I guess a consultation not being a referendum can cut both ways.

Indeed and it is council indifference to majority opinion and experience that ought to be of concern to many of us. I agree with you LA that this/ our council is so desperate to increase revenue that it may have overstepped its legal powers in choosing punishment of car ownership as the mechanism by which to make up financial shortfall. 

Just walking from Forest Hill station, along South Circular / LL: traffic stationary and not moving at all - the usual and so much worst since so-called ltn was introduced in Dulwich. I wonder what cllr leeming have to say - you live on a main road so you die ten years earlier because of air pollution? How is southwark council proposing to address this?

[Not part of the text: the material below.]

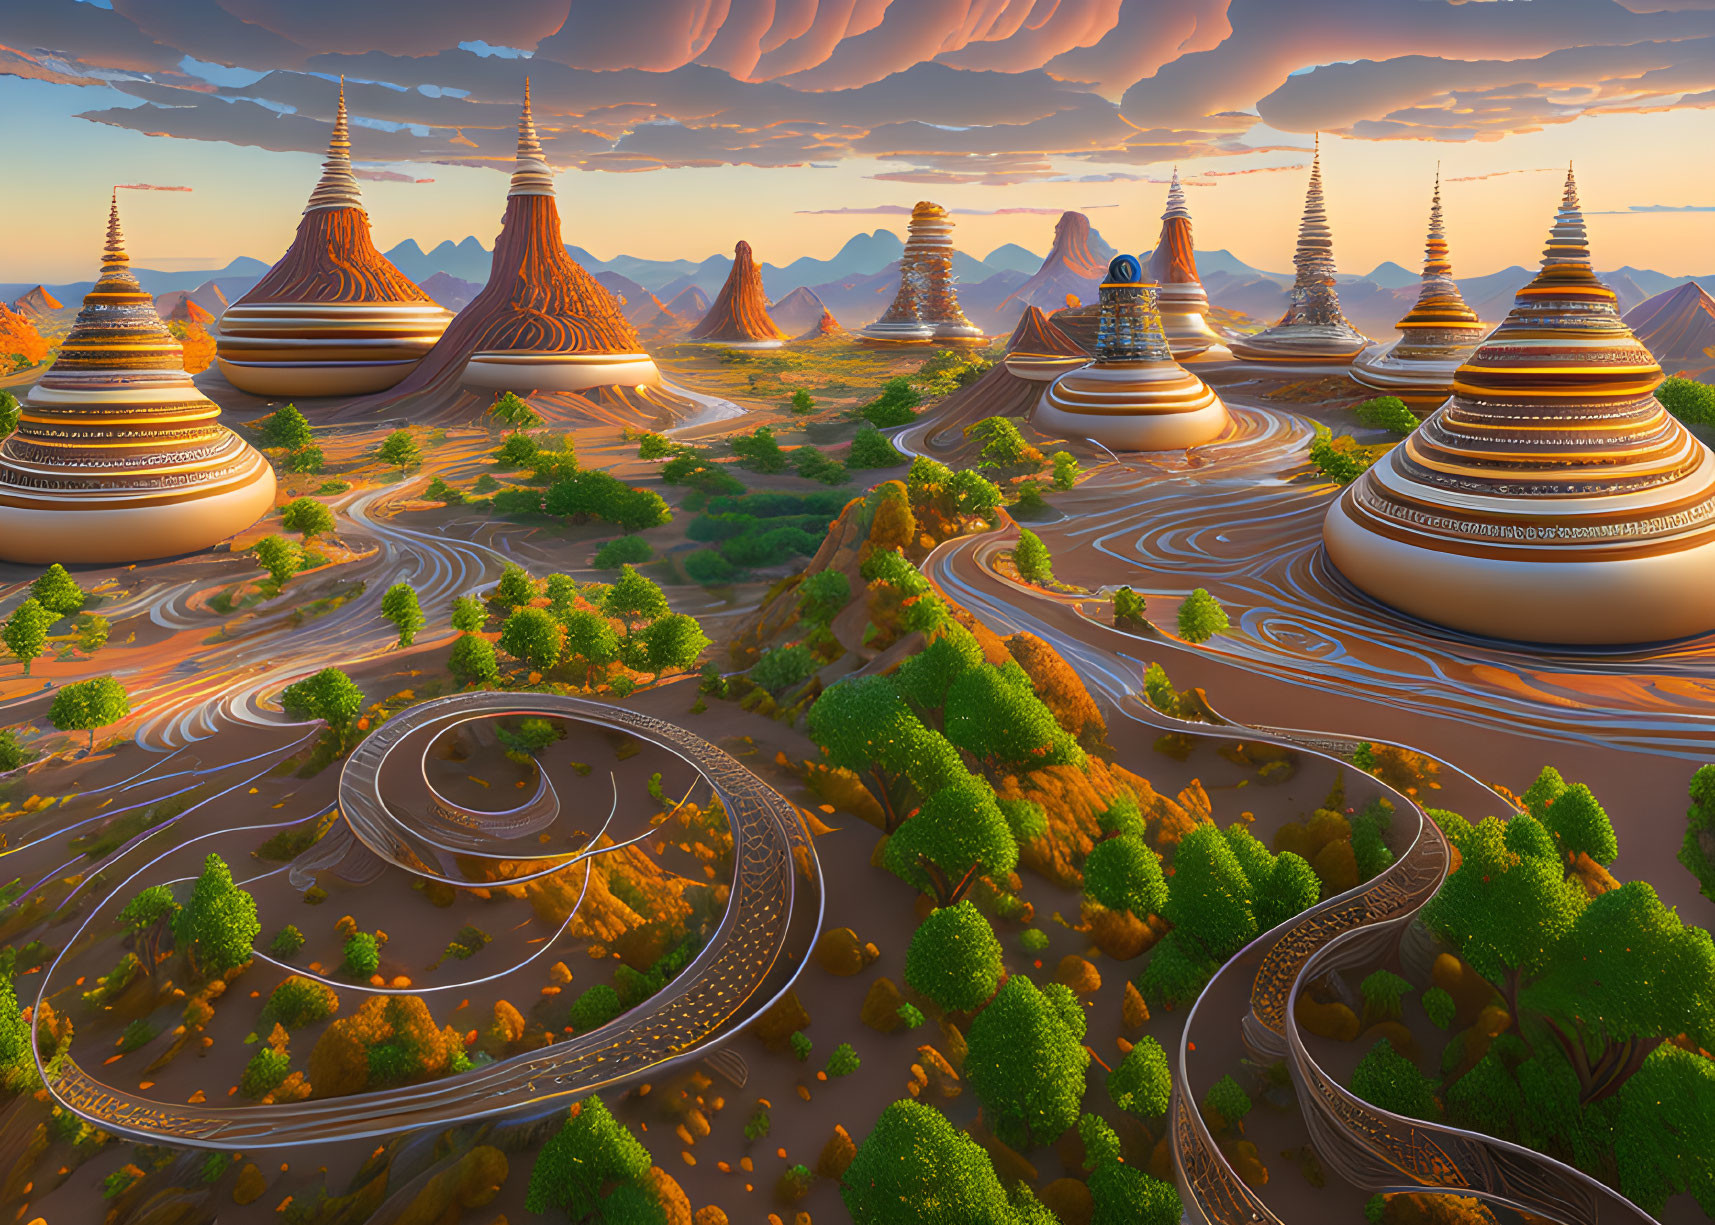 Futuristic landscape with terraced mountains and swirling roads

Actually I’m not 100% convinced that Southwark are doing this as a revenue raising exercise - perhaps that’s naive of me. If they are, it’s going to be likely to be difficult to prove, as I doubt they’ve documented that intent anywhere. If raising lots of revenue is an unintended/ ancillary consequence of a policy that they’ve put in place for proper purposes then I guess they’d be on the right side of the law.

The question I’m asking myself is whether Southwark would be entitled to impose an outright ban on large swathes of on street parking for the purposes of nudging people out of car use / to help reach net zero/ air quality goals. Related question - if the council cares that much about those policy aims then why doesn’t it ban on street parking rather than charging for it?

For anyone interested, central govt guidance on council parking enforcement is at

https://www.gov.uk/government/publications/civil-enforcement-of-parking-contraventions/guidance-for-local-authorities-on-enforcing-parking-restrictions

To be fair to the council there are some objectives that are a bit broader than those in the RTR Act:

“Enforcement authorities should design their parking policies with particular regard to:

  • managing the traffic network to ensure expeditious movement of traffic, (including pedestrians and cyclists), as required under section 16 of the TMA, Network Management Duty
  • improving road safety
  • improving the local environment
  • improving the quality and accessibility of public transport
  • meeting the needs of people with disabilities, some of whom will be unable to use public transport and depend entirely on the use of a car
  • managing and reconciling the competing demands for kerb space”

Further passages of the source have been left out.